WDAD
- Indiana, Pennsylvania; United States;
- Frequency: 1450 kHz
- Branding: WDAD AM1450 and 100.3FM

Programming
- Language: English
- Format: Classic hits
- Affiliations: Premiere Networks; Pittsburgh Steelers Audio Network;

Ownership
- Owner: Renda Media; (Renda Broadcasting Corporation);
- Sister stations: WCCS; WLCY; WQMU;

History
- First air date: November 4, 1945

Technical information
- Licensing authority: FCC
- Facility ID: 56645
- Class: C
- Power: 1,000 watts unlimited
- Transmitter coordinates: 40°38′17″N 79°08′47″W﻿ / ﻿40.63806°N 79.14639°W
- Translator: 100.3 W262CU (Indiana)

Links
- Public license information: Public file; LMS;
- Webcast: Listen live
- Website: www.wdadradio.com

= WDAD =

WDAD (1450 AM) is a radio station in Indiana County, Pennsylvania, owned and operated by Renda Media.

==History==
WDAD was the first radio station in Indiana County, and was one of the first radio stations in the nation granted licenses after World War II had ended. The station has kept its original call letters throughout its history of more than half a century.

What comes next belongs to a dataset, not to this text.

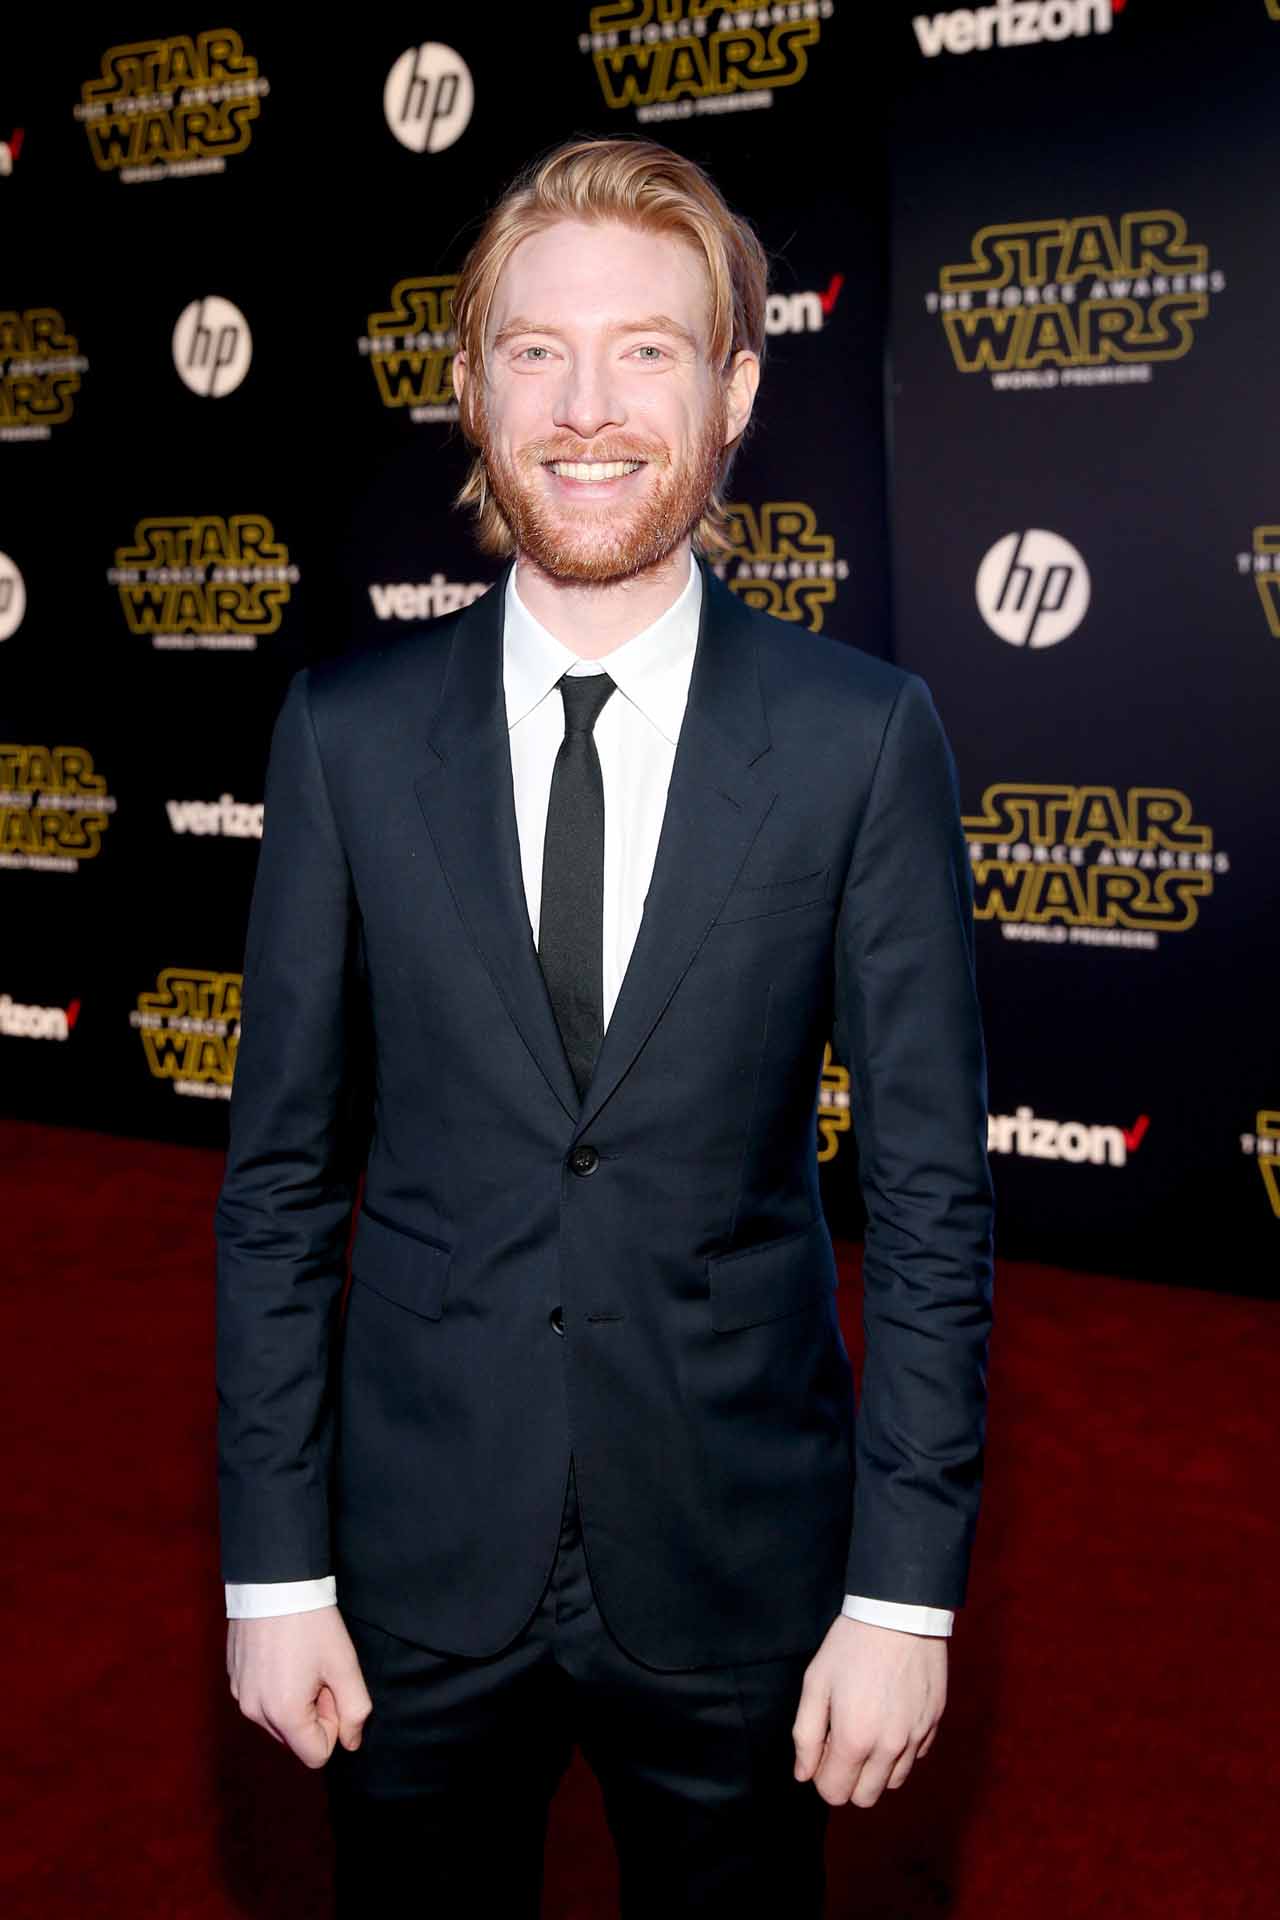 HOLLYWOOD, CA - DECEMBER 14:  Actor Domhnall Gleeson attends the World Premiere of ?Star Wars: The Force Awakens? at the Dolby, El Capitan, and TCL Theatres on December 14, 2015 in Hollywood, California.  (Photo by Jesse Grant/Getty Images for Disney) *** Local Caption *** Domhnall Gleeson

WDAD's ownership was relatively stable, having only had four owners in its long history. The station was signed on November 4, 1945, under the corporate name Indiana Broadcasters, Inc. Paul Short served as company president and general manager. The station's studios and offices were housed in the Indiana Theatre Building at 633 Philadelphia Street. The company also operated WARD-AM in nearby Johnstown under the name Central Broadcasting Company, Inc. The station operated at a full-time power of 250 watts from its transmitter site along Old Highway 422 and Twolick Road in neighboring White Township, Pennsylvania.

Progressive Publishing of Clearfield, Pennsylvania, purchased the station in August 1955 but continued to operate WDAD (and later its FM sister station WQMU) under the existing company name Indiana Broadcasters. Progressive also owned two other radio stations, WCPA/WQYX-FM in Clearfield, and WMAJ/WXLR-FM in State College.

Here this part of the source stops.